Temporal changes in gene expressions in the salivary glands of C57BL/6.NOD-Aec1Aec2 mice for genes associated with clearance of apoptotic cells. (a) Model of the proposed mechanism for the (lack of) clearance of apoptotic cell debris by phagocytic cells, resulting in reduced interleukin-2 (IL-2) production by phagocytic cells. (b) Expression of genes associated with apoptotic cell clearance. Expression profiles are presented for these genes at 8, 12, 16, and 20 weeks of age relative to 4 weeks of age. Aec, autoimmunexocrinopathy; AP-1, activation protein-1; CR, complement receptor; NFAT, nuclear factor of activated T cells; NF-κB, nuclear factor-kappa-B; NOD, non-obese diabetic.

Full size image

Lastly, it is imperative to comment on the relevance of our microarray data with respect to human SjS and whether differentially expressed genes provide any clues to understanding the immuno-pathophysiological processes underlying SjS-like disease. As presented in Figure 5, our results demonstrated that a large number of genes/factors that have been reported to correlate with SjS or other rheumatic diseases in humans are also differentially expressed in the salivary glands of C57BL/6.NOD-Aec1Aec2 mice. Furthermore, the microarray study of Hjelmervik and colleagues [49], to date the most extensive microarray study of human SjS patients, shows a remarkable overlap with the current mouse studies, not necessarily between specific genes but within biological processes and functions of differentially expressed genes. These include upregulation of interferon-associated genes, antigen processing and presentation, T- and B-cell differentiation and functions, and apolipoproteins, plus downregulation of secretory and cell proliferation. Specific genes include Il6, Cd74, CaII, Bcl2l2, Cxcl13, and Ccr7. Thus, given the extent of the overlaps already seen, C57BL/6.NOD-Aec1Aec2 mice appear to offer a unique opportunity to identify genetic factors regulating processes leading to SjS.
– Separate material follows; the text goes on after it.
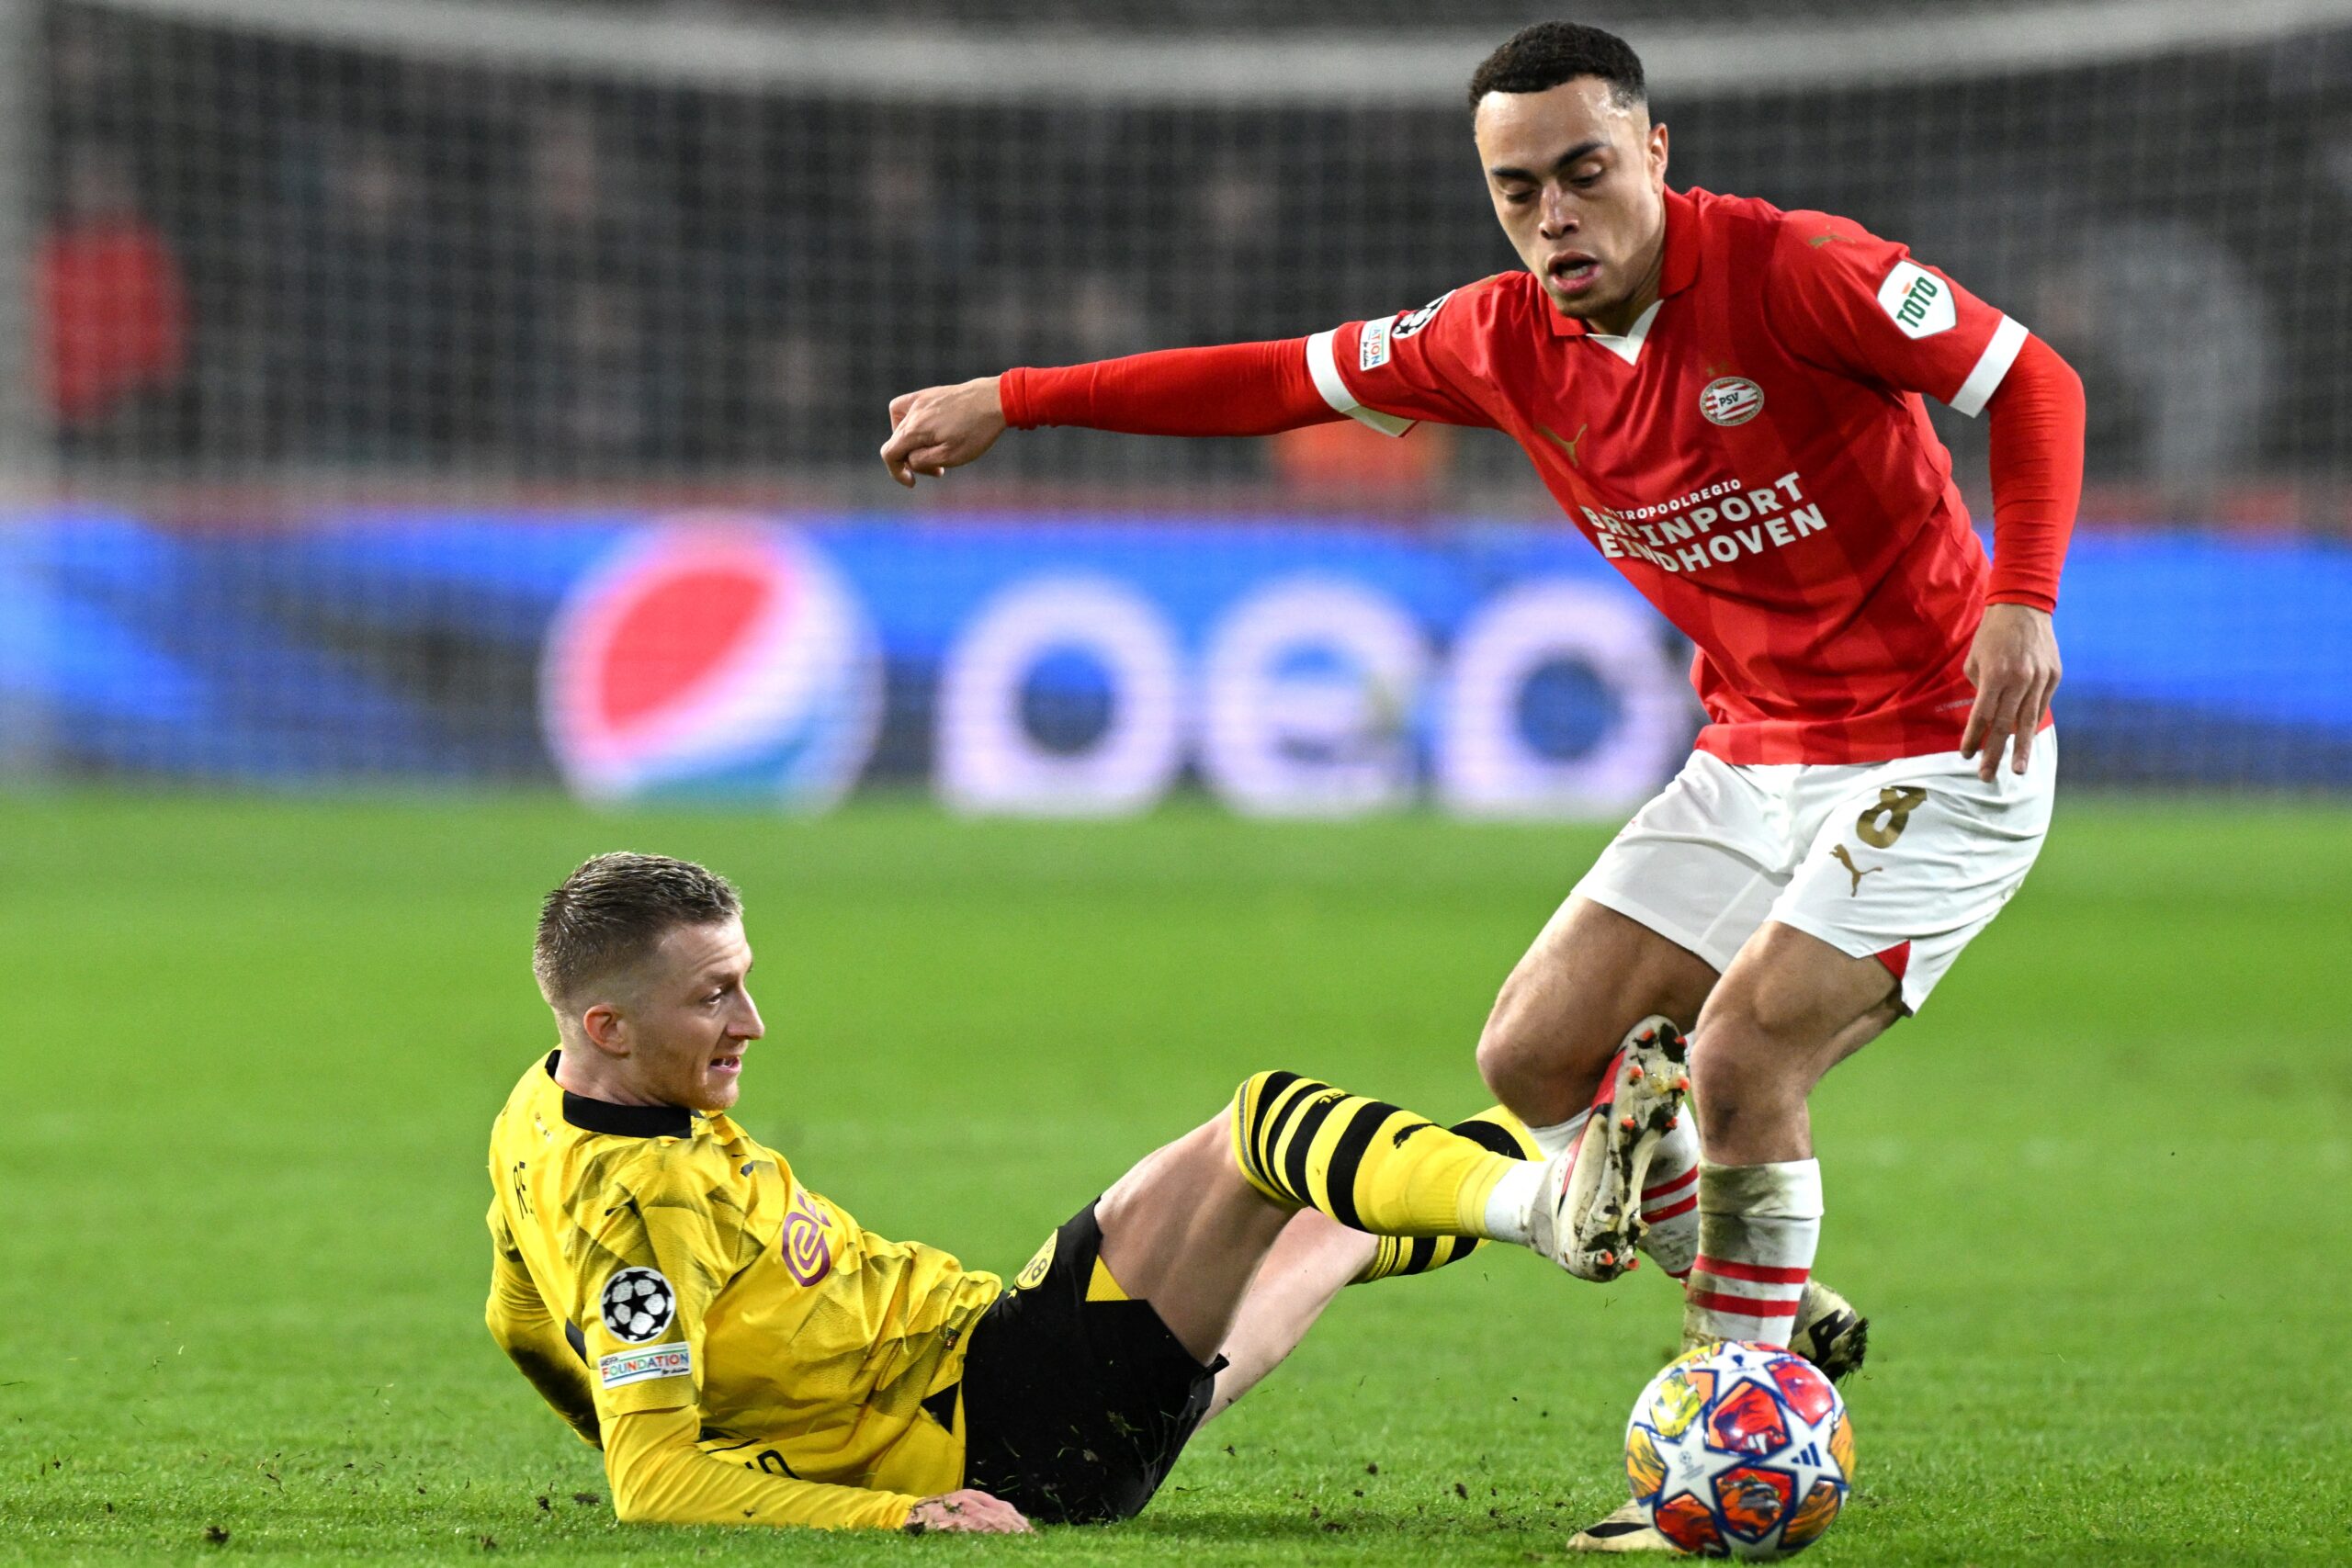 Dortmund's German forward #11 Marco Reus (L) and PSV's US midfielder #08 Sergino Dest fight for the ball during the UEFA Champions League round of 16, first leg football match between against PSV Eindhoven and Borussia Dortmund at the The Philips Stadium, in Eindhoven on February 20, 2024.

In summary, our earlier microarray studies [9] with lacrimal glands from C57BL/6.NOD-Aec1Aec2 mice and now the present studies with salivary glands are permitting us to propose several new concepts pertaining to what molecular events may lead to SjS and SjS-like disease. These include (a) retarded maturation of myeloid cells, especially macrophages and dendritic cells, possibly due to depressed response mediated by low levels of retinoic acid receptors and PPAR-γ; (b) reduced efficacy of macrophages and dendritic cells in antigen presentation, possibly due to an overexpression of cathepsin-S, leading to increased auto-antigen presentation by B cells; (c) lack of regulation of the TH17 effector cell population by reduced activation of both Treg1 and TFoxp3 cells, possibly due to low levels of IL-2; (d) depositions of fatty acids and lipoproteins in the lacrimal glands, due to changes in lipid receptors and transporters; and (e) decreased efficacy in the clearance of apoptotic cells/debris, due to reduced signal transduction and activation of phagocytes via the C1q/CD91/CD93/moesin pathway. Functional studies should be able to determine which of these biological processes is (are) critical pathological entities for SjS.

Conclusions

We have used a genomic approach to identify genes that are differentially expressed in the salivary glands during the development and early-onset phases of SjS-like disease of C57BL/6.NOD-Aec1Aec2 mice. This approach identified 480 genes that could be grouped into one of four expression patterns during development of disease. However, additional genes exhibited marked changes in their expressions during the time frame studied, based on simple pair-wise analyses. While a more complete analysis of these data will require considerable time, a number of expected and unexpected biological processes, signaling pathways, and potential dysfunctions have been identified. As might be predicted, virtually all biological processes during the early stages of disease (4 to 16 weeks of age) relate to altered cell functions, with inflammation- and autoimmunity-related processes appearing much later (16 to 20 weeks of age). Most importantly, these types of analyses permit construction of hypothetical models for SjS which now can be examined in greater detail in vivo, possibly confirming the identification of specific SjS-susceptibility candidate genes and their subsequent downstream molecular pathways.

Abbreviations

Aec:

autoimmunexocrinopathy

BIRCH:

balanced iterative reducing and clustering using hierarchies

EGF:

epidermal growth factor

Idd:

insulin-dependent diabetes

IL:

interleukin

LIMMA:

Linear Models for Microarray Analysis

mAChR:

muscarinic acetylcholine receptor

NK:

natural killer

NOD:

non-obese diabetic

PANTHER:

protein analysis through evolutionary relationships

PCR:

polymerase chain reaction

PPAR-γ:

peroxisome proliferator-activated receptor-gamma

SjS:

Sjögren's syndrome

SLE:

systemic lupus erythematosus

TH:

T helper (cell)

Treg:

regulatory T (cell).

References

  1. Fox RI, Kang HI: Pathogenesis of Sjögren's syndrome. Rheum Dis Clin North Am. 1992, 18: 517-538.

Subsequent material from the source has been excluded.